На второй день, к вечеру, лес начал редеть.
Появились знакомые места — овражек, где Зося поранила ногу, сухая лиственница, у которой она упала, обессиленная.
— Помню, — сказал Ермолай. — Я тут тебя нашёл.
— Я тут волков увидела, — сказала Зося. — И вас.
— И меня, — кивнул он. — Испугалась?
— Сначала да. А потом… обрадовалась.
Он остановился, посмотрел на неё.
— Чему обрадовалась?
— Что живая, — сказала она. — И что вы пришли.
Он взял её руку, сжал в своей.
— Всегда буду приходить, — сказал он. — Куда позовёшь.
Черная Слобода встретила их закатом.
Река горела багрянцем, и избы на взгорке стояли розовые, тёплые, уютные. Где-то лаяла собака, перекликались петухи, пахло дымом и парным молоком.
Дед Зиновий сидел на крыльце, щурился на солнце, и, когда увидел их, медленно, с трудом поднялся.
— Пришли, — сказал он. — Значит, всё.
— Всё, дедушка, — сказала Зося.
Она подошла, обняла его, прижалась к старческой груди.
— Прости нас, — шепнула. — Прости, что долго.
Дед гладил её по голове, смотрел поверх её плеча на Ермолая, который стоял у калитки, мял в руках кепку и не решался войти.
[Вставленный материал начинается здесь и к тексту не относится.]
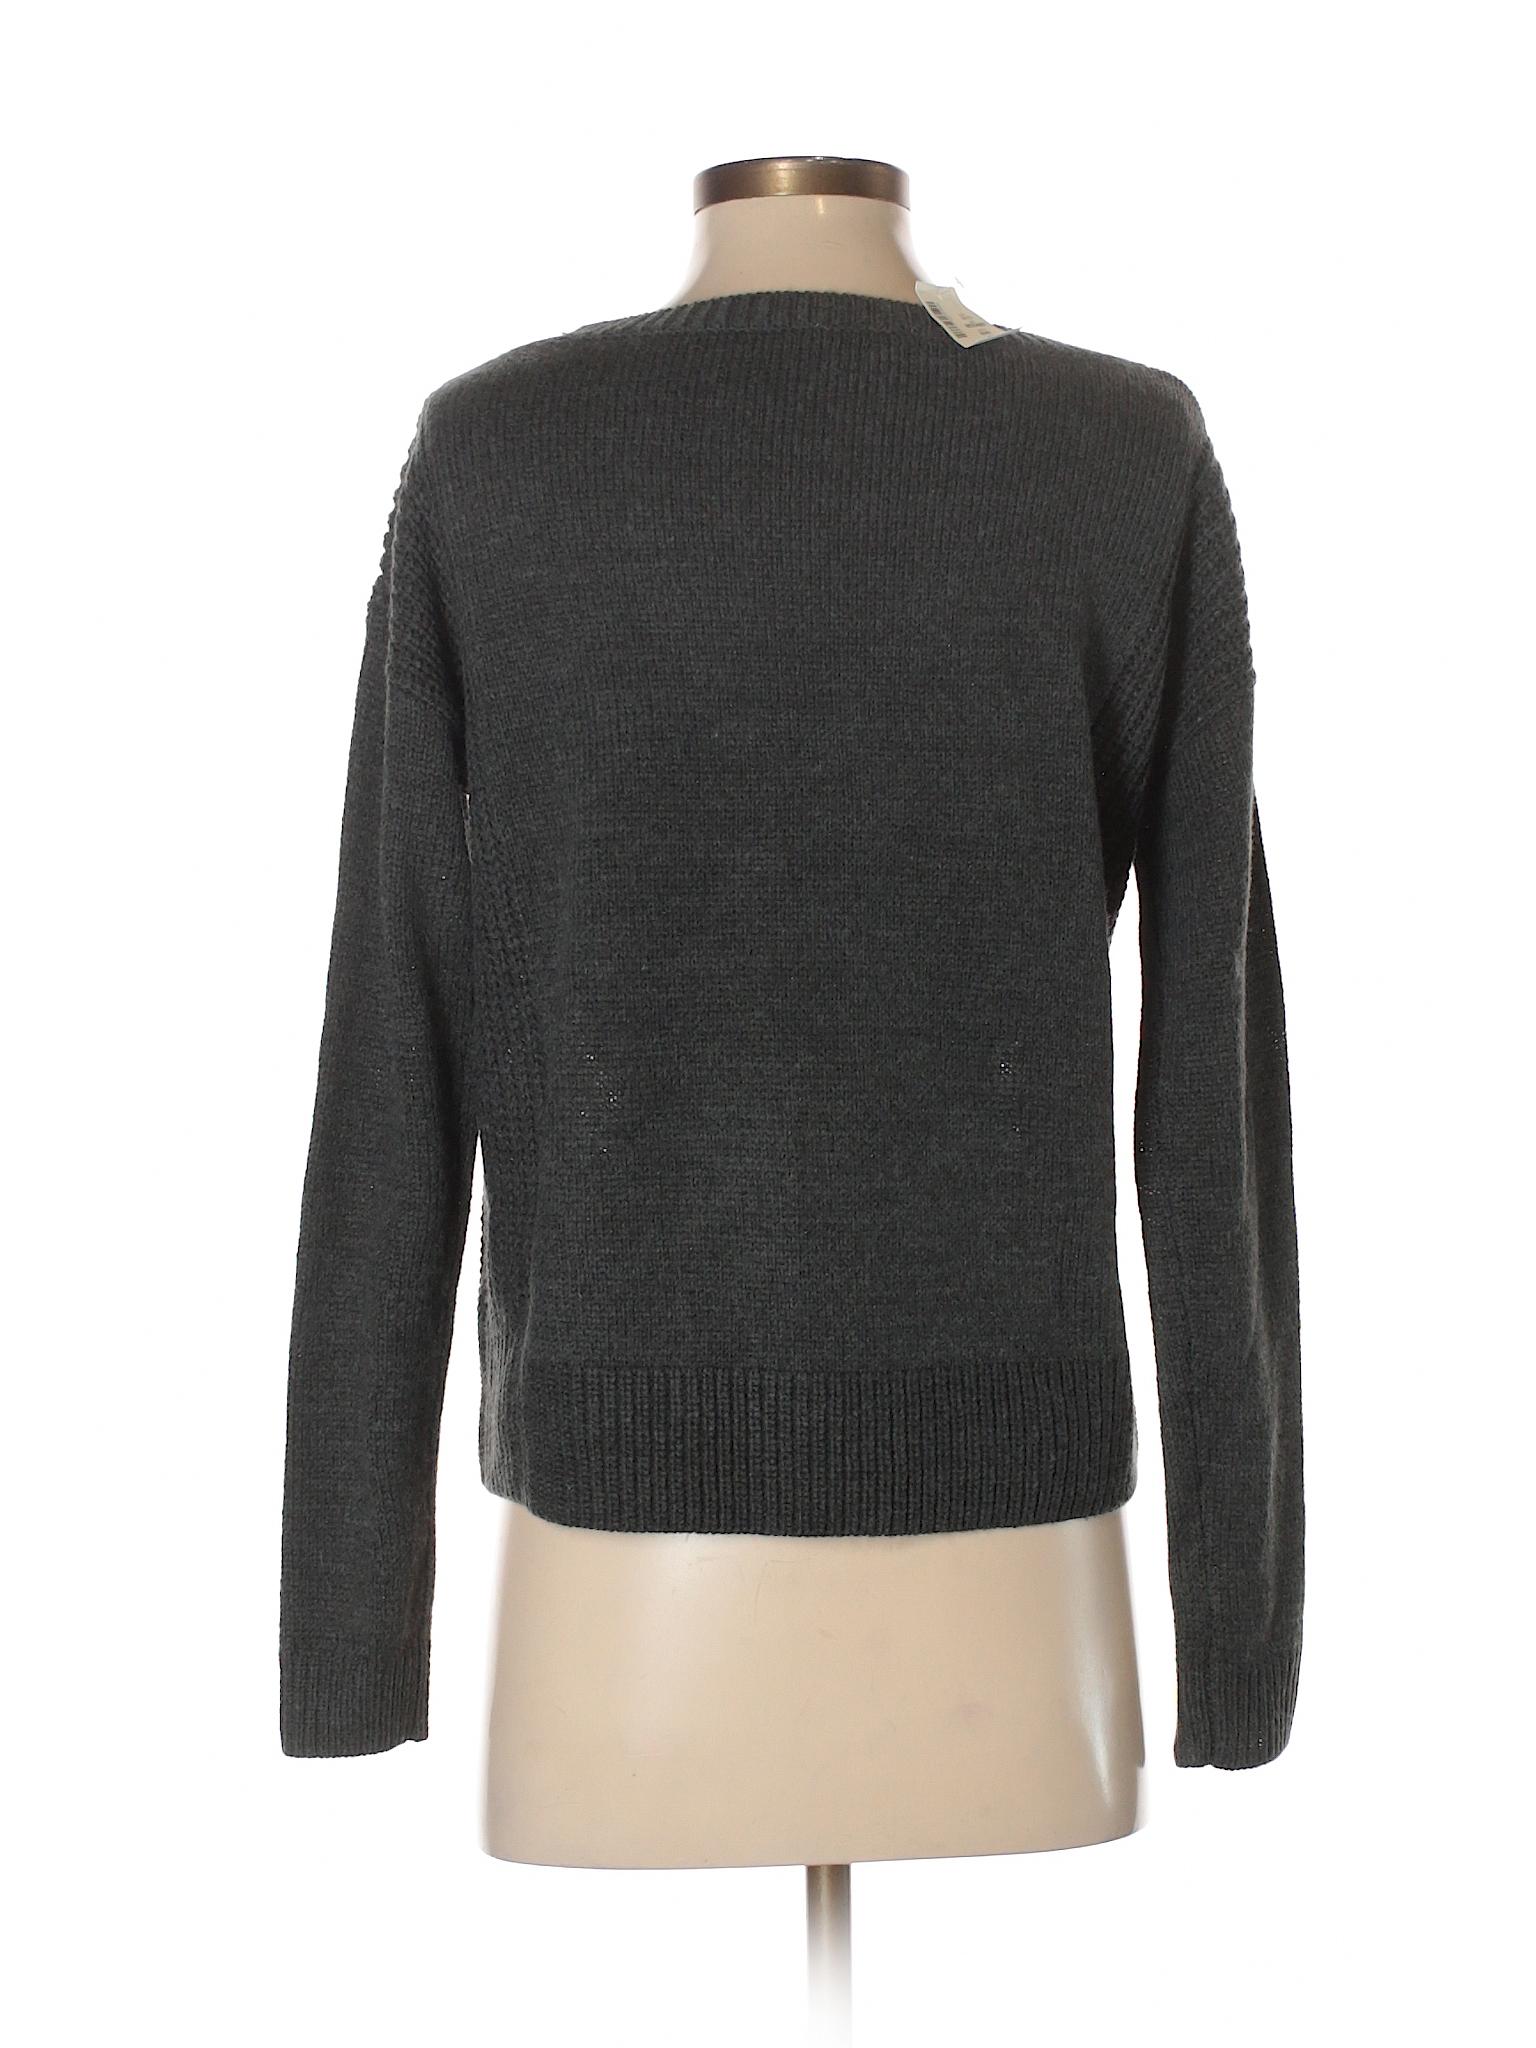 winter Sweater Boutique winter Pullover Aeropostale Pullover Sweater Boutique Aeropostale gx8rXvxqw

— Чего стоишь? — спросил дед. — Заходи, коль пришёл.
Ермолай шагнул во двор, остановился.
— Зиновий… я это…
— Помолчи, — перебил дед. — Потом поговорим.
Он взял Ермолая за локоть, притянул к себе, и они стояли втроём — старик, девушка и таёжный охотник, — и молчали.
Солнце садилось за реку.
Дом был тесен для двоих, а для троих — и вовсе.
Ермолай оглядел покосившиеся стены, проселый потолок, подгнившее крыльцо и сказал:
— Надо расширять.
Дед только рукой махнул:
— Расширяй, коль умеешь.
Ермолай умел.
Он работал от зари до зари, и топор в его руках пел, как скрипка.
Ставил новые венцы, латал крышу, перебирал крыльцо.
Зося носила ему воду, подавала гвозди, держала доски. Иногда он останавливался, вытирал пот со лба и смотрел на неё — как она стоит на солнце, щурится, улыбается.
— Зосенька, отдохни, — говорил он. — Я один управлюсь.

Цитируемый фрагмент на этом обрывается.